» Required work
The reply must contain exactly the lines below from the one with "Pool-Überdachung - designerpools" down to the one with "Permalink to Windows", both included, and nothing more; please omit the pictures.

» Extracted records
=== Begin Enclosure ===

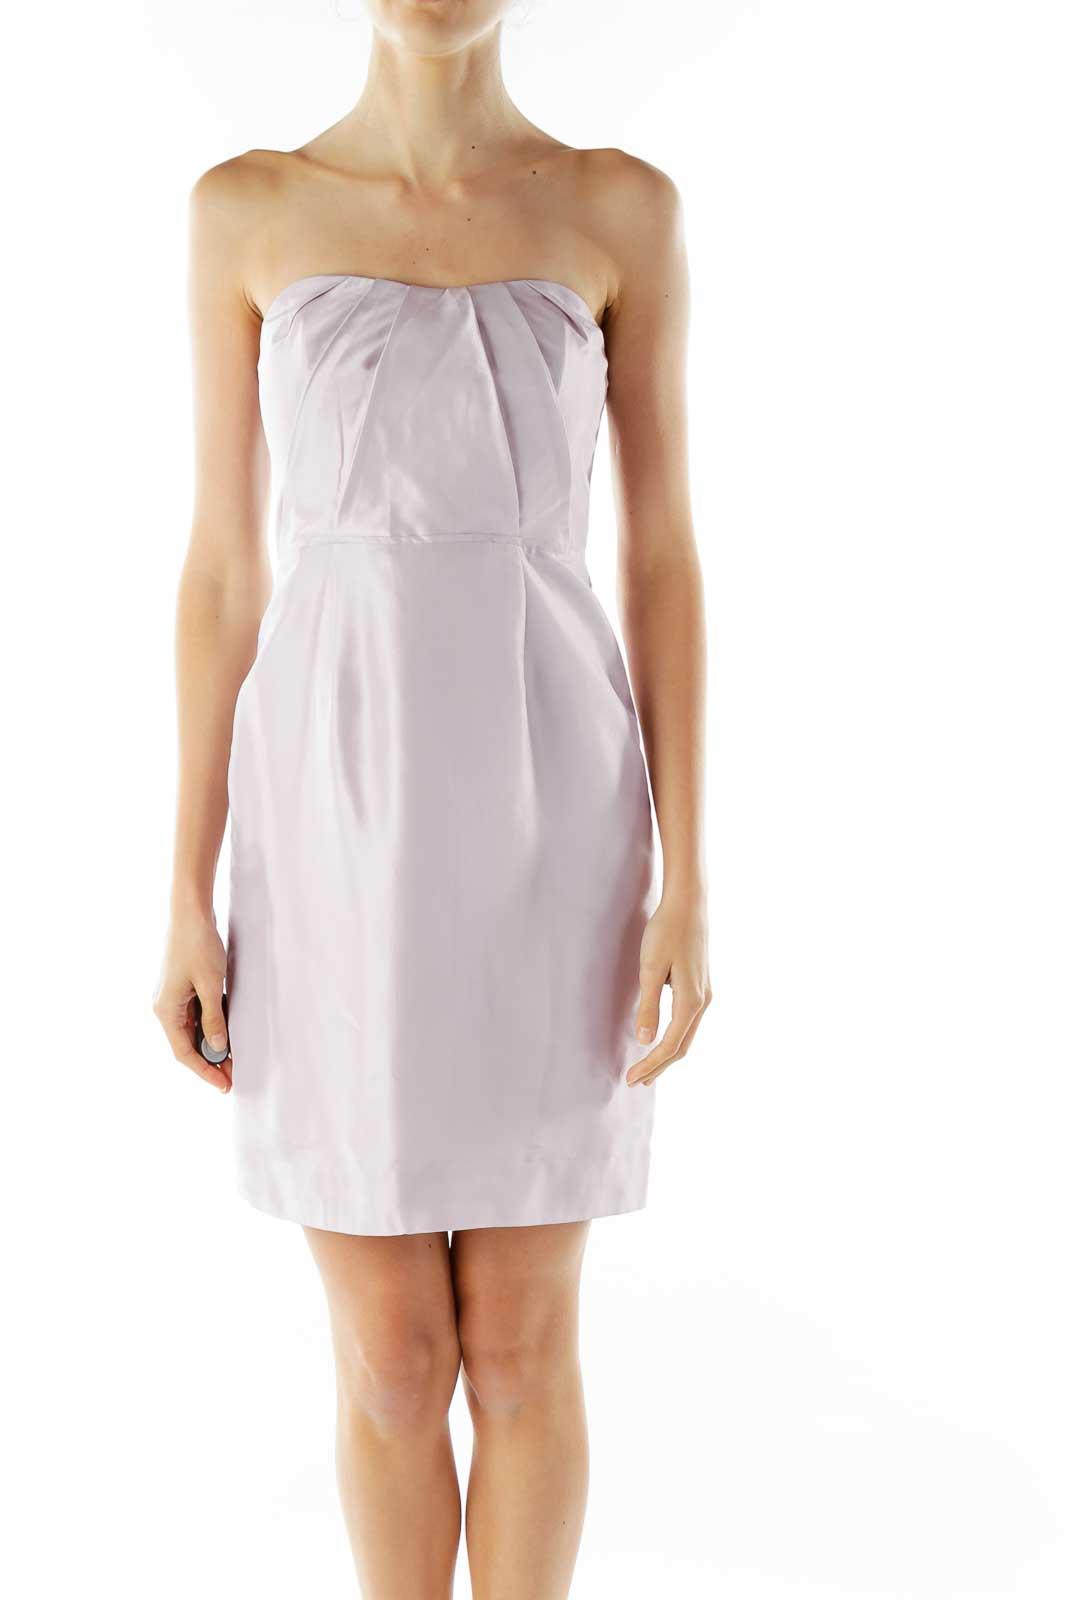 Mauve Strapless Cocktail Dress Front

=== End Enclosure ===
=== Begin Enclosure ===

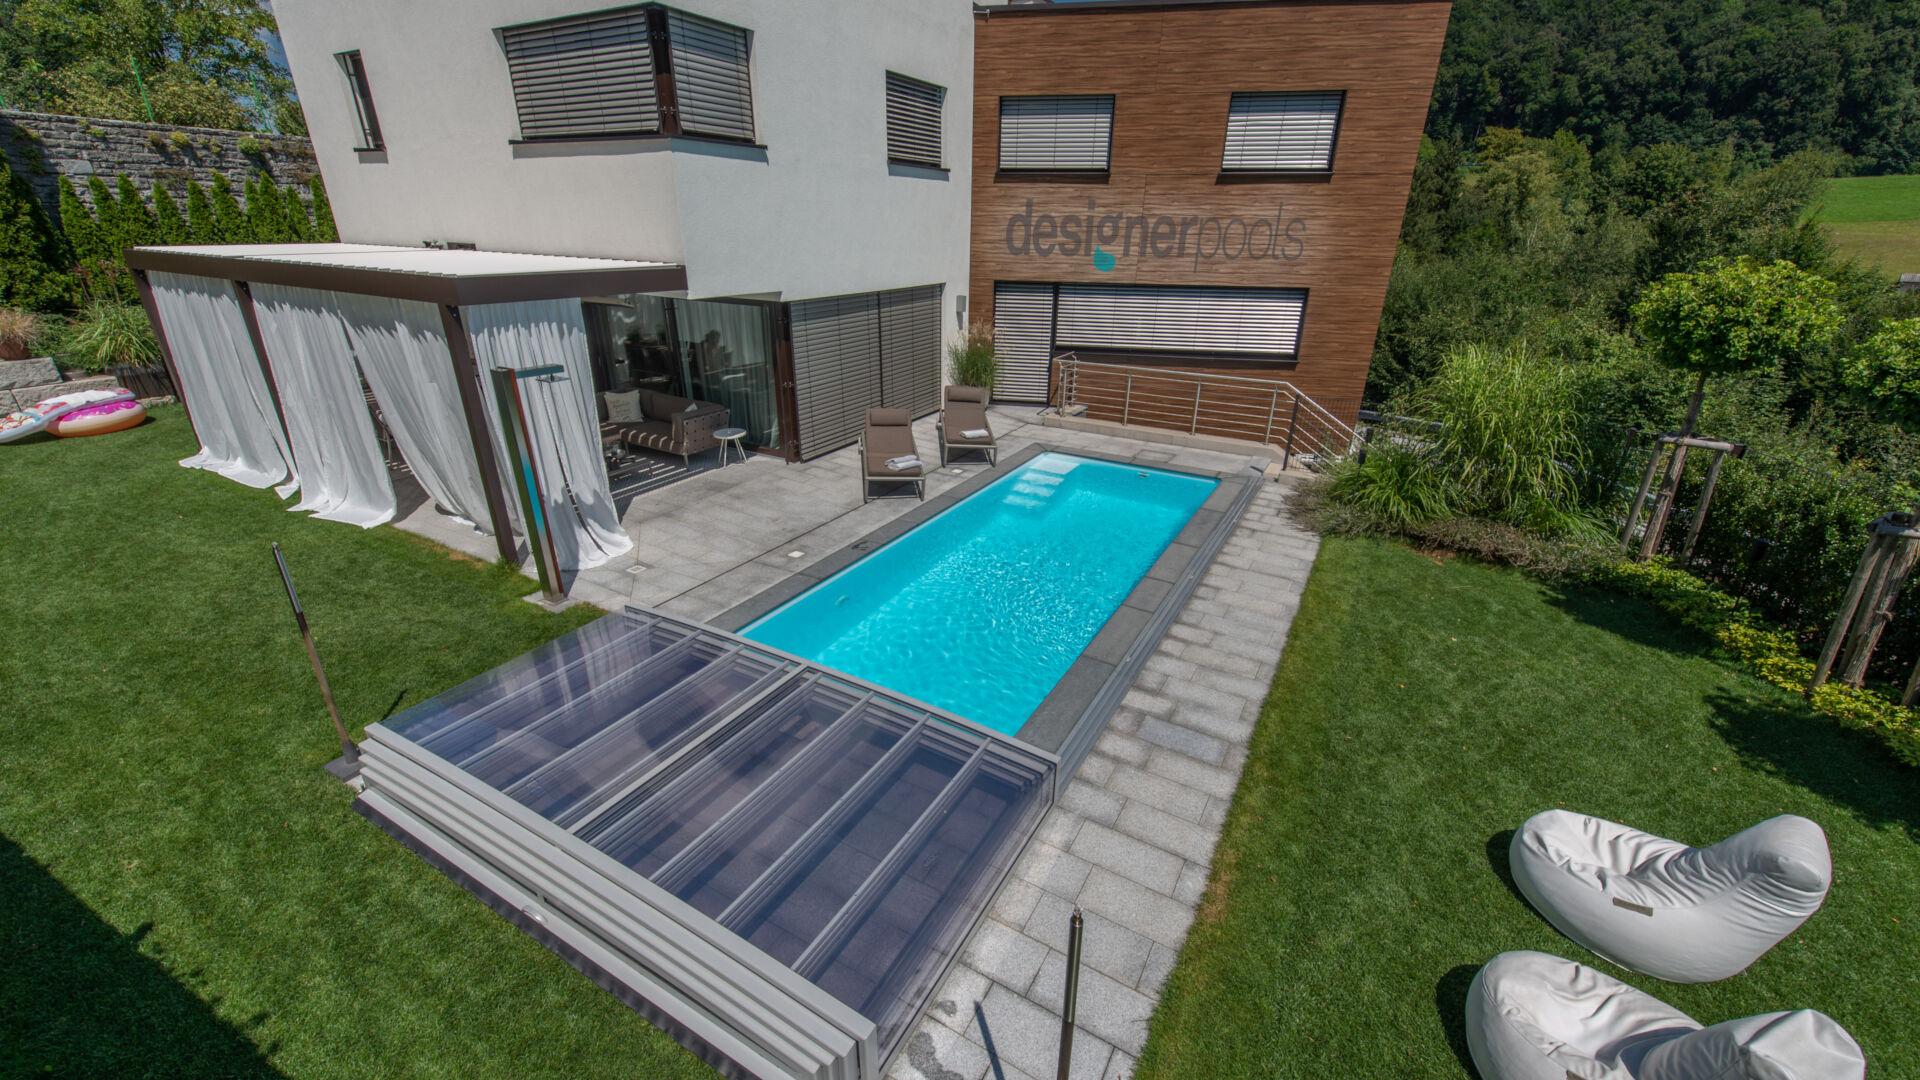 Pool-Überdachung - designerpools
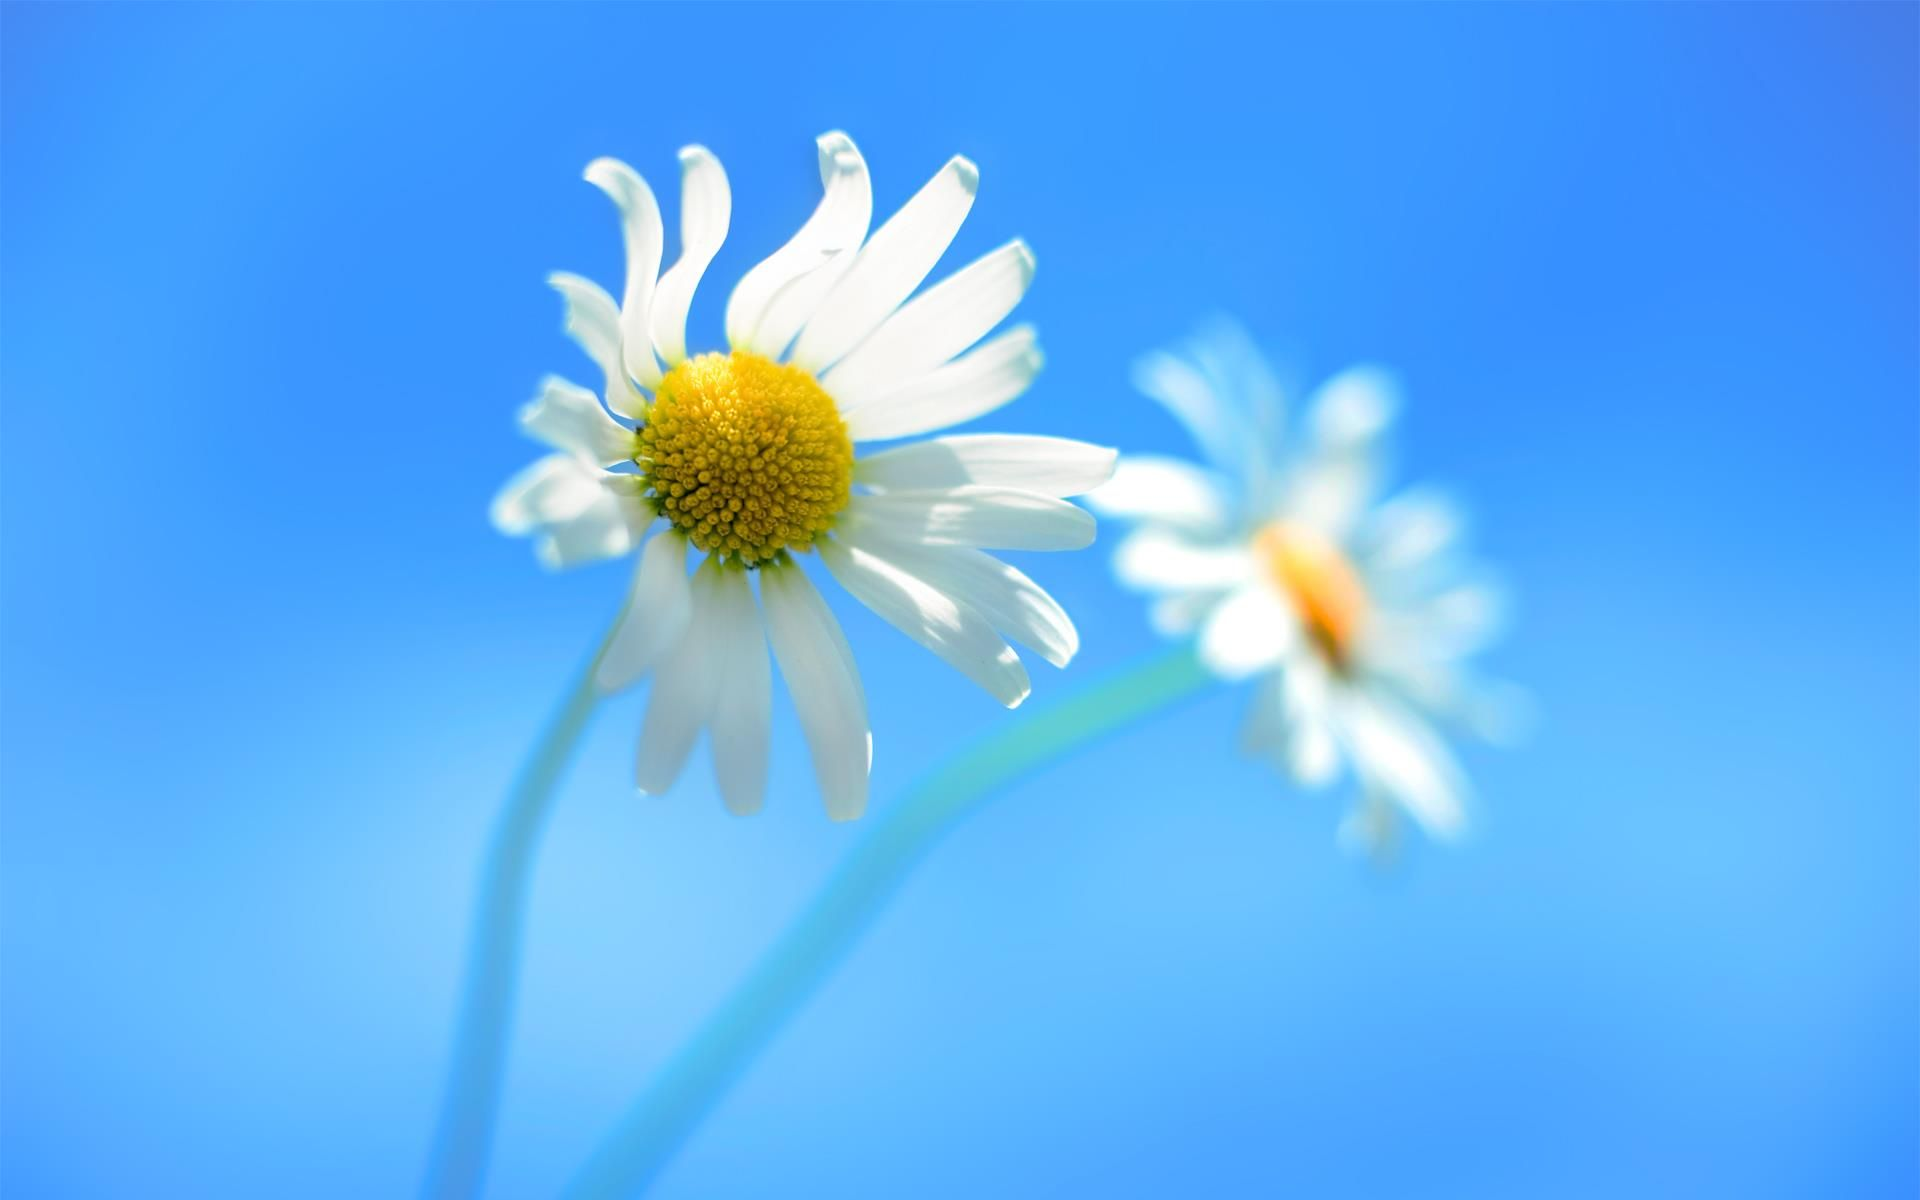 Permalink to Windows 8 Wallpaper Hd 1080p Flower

=== End Enclosure ===

» Response to the exercise
 Pool-Überdachung - designerpools
 Permalink to Windows 8 Wallpaper Hd 1080p Flower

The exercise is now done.